What needs to be done:
Write out the lines of the material below exactly, beginning at the line with "Una calle bordeada" and stopping after the line with "FORCE X72 mănuși", and leave out the pictures.

Records for this task:
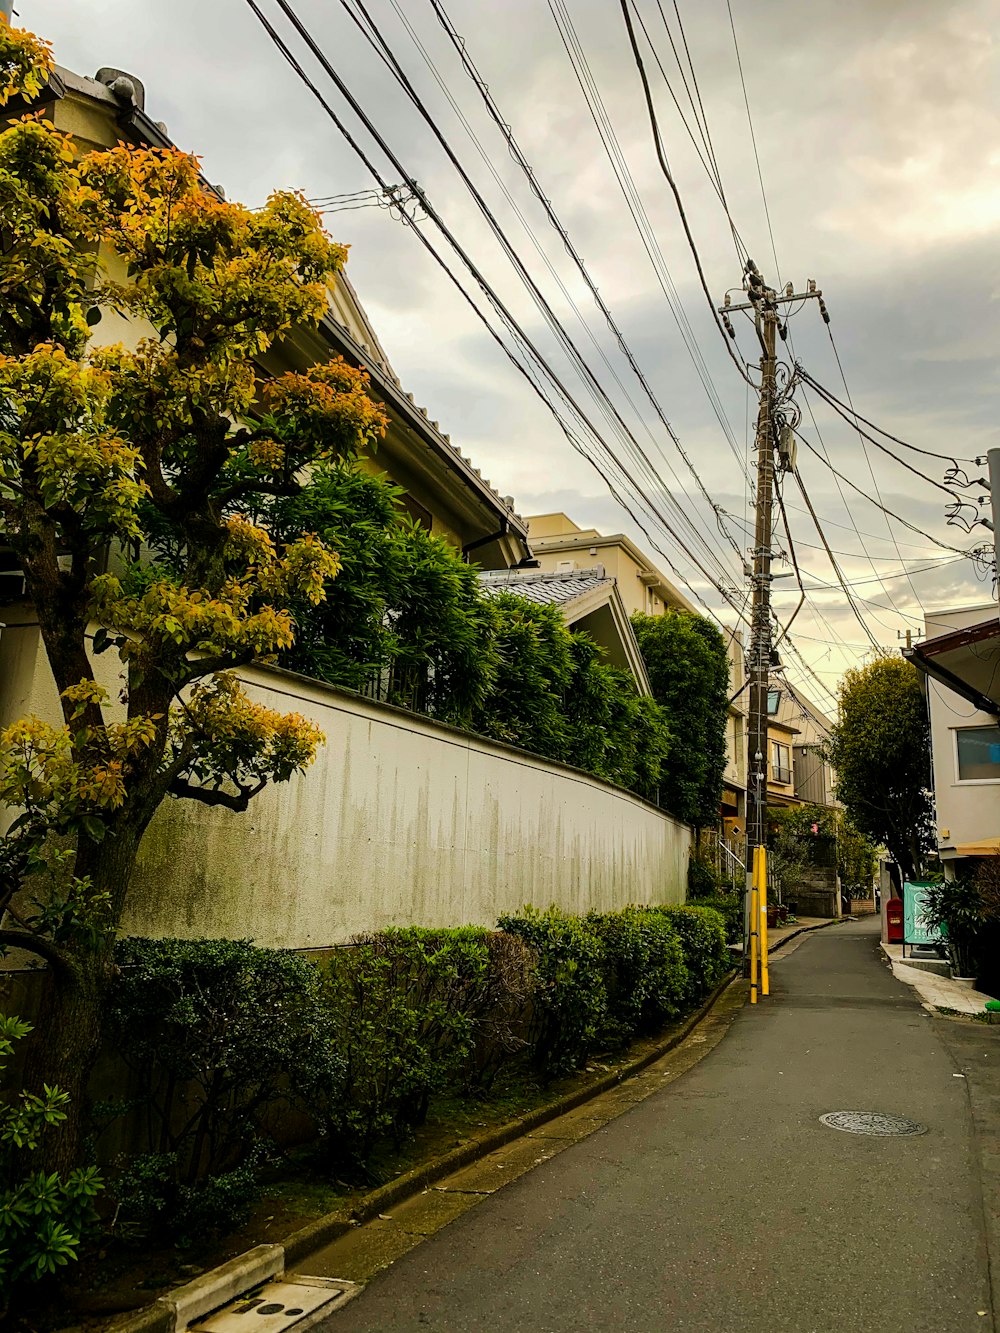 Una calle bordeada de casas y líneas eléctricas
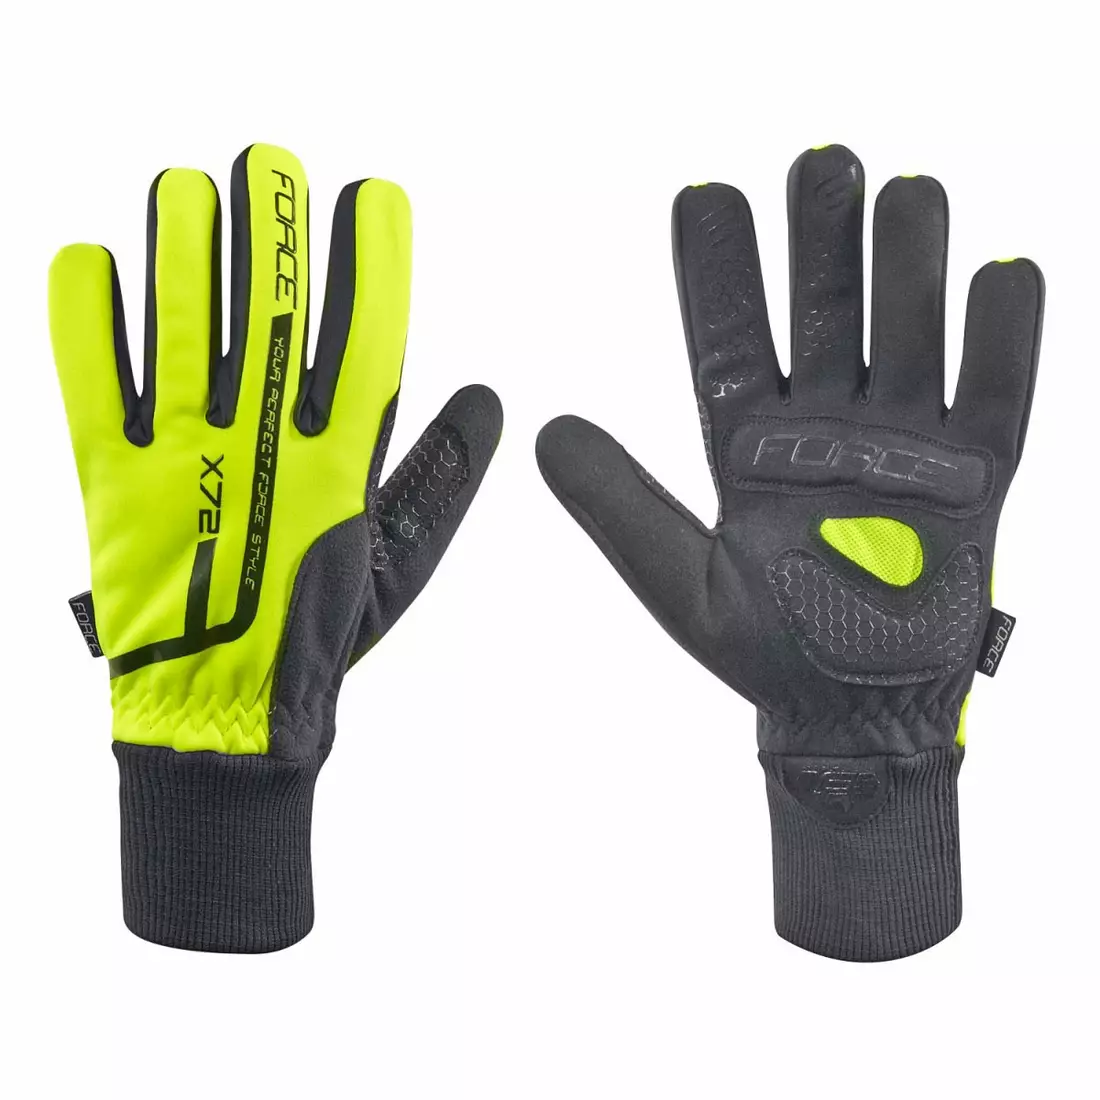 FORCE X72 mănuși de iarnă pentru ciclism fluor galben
---
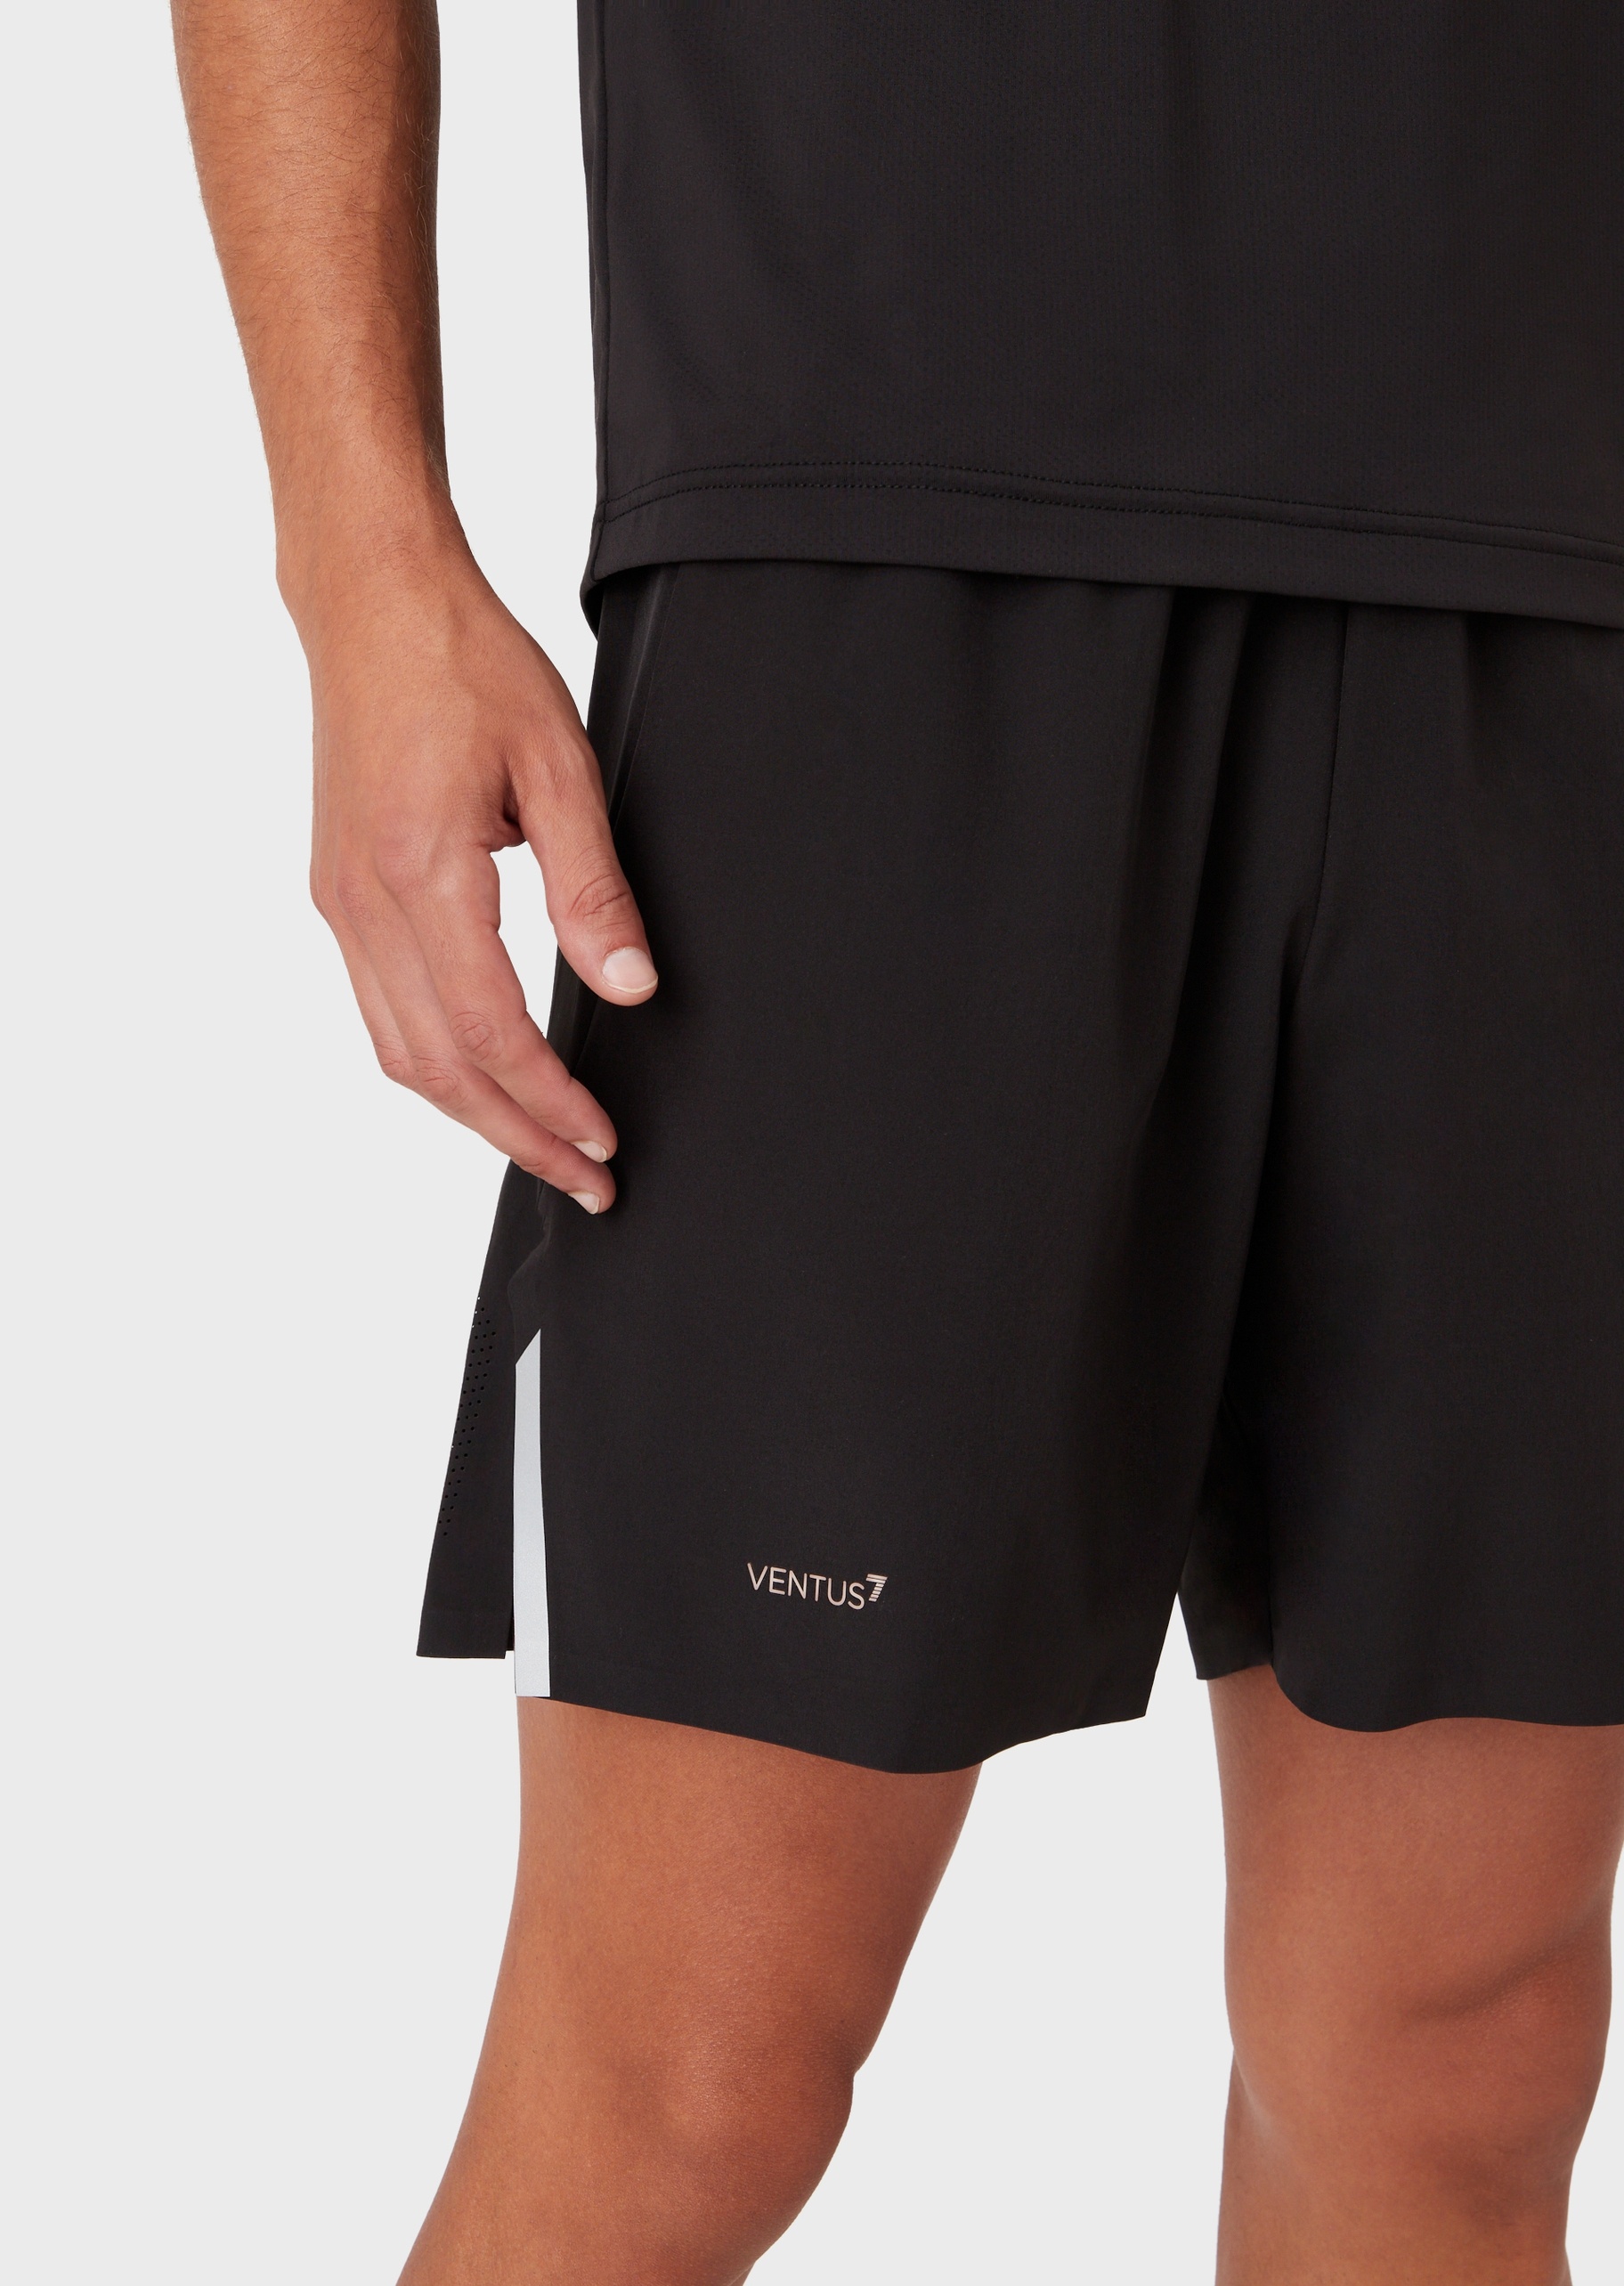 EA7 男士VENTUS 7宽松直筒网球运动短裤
---
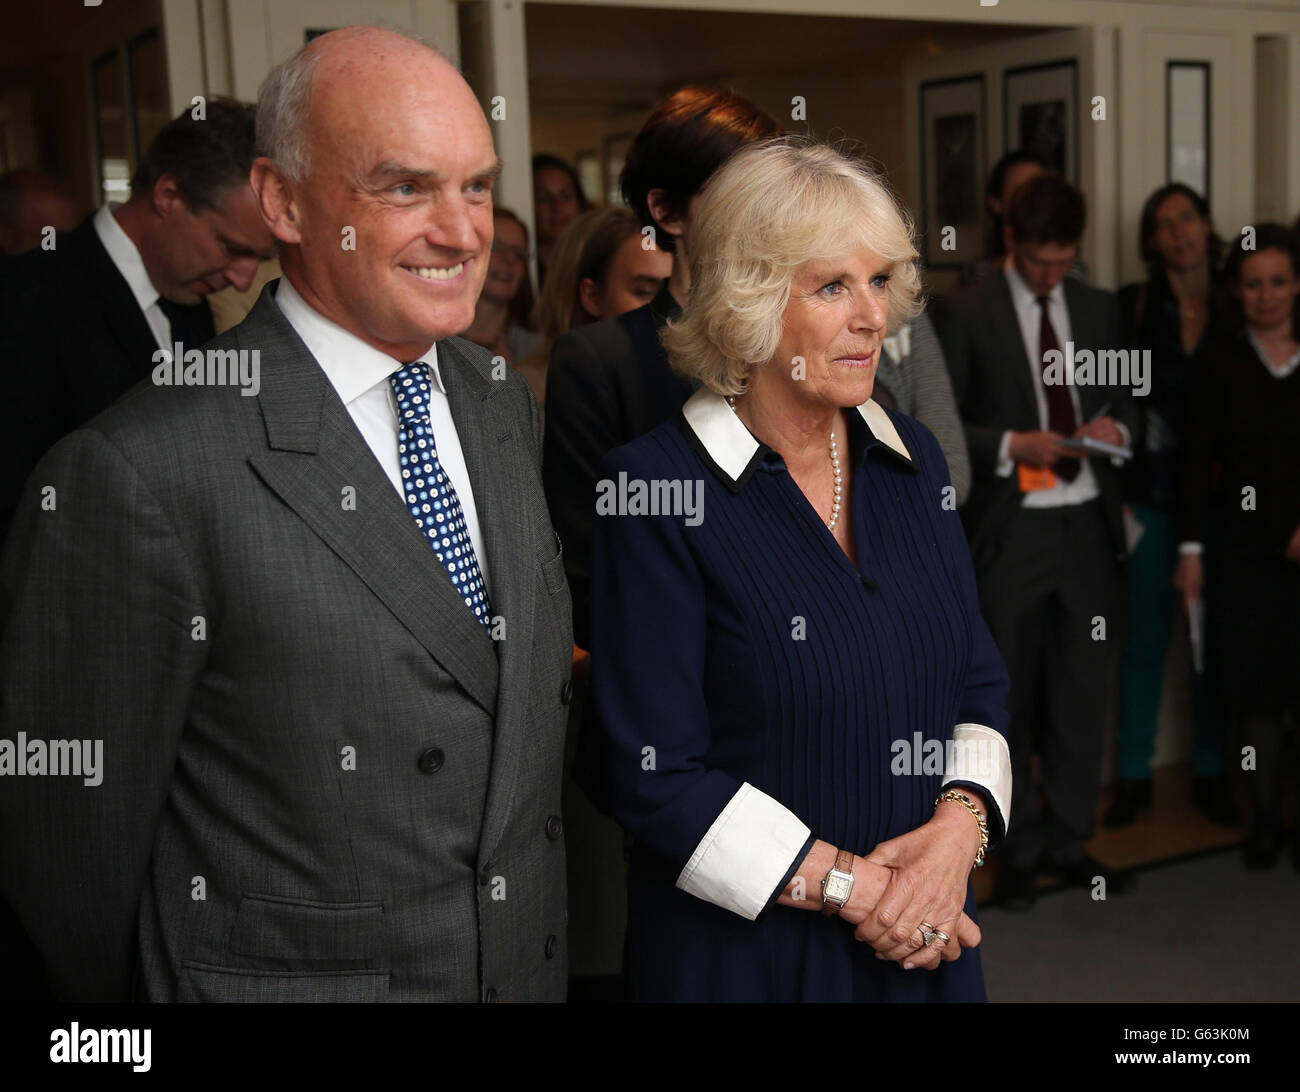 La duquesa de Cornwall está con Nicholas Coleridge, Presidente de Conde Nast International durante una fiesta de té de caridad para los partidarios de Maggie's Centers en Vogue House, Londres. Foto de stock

Expected answer:
 Una calle bordeada de casas y líneas eléctricas
 FORCE X72 mănuși de iarnă pentru ciclism fluor galben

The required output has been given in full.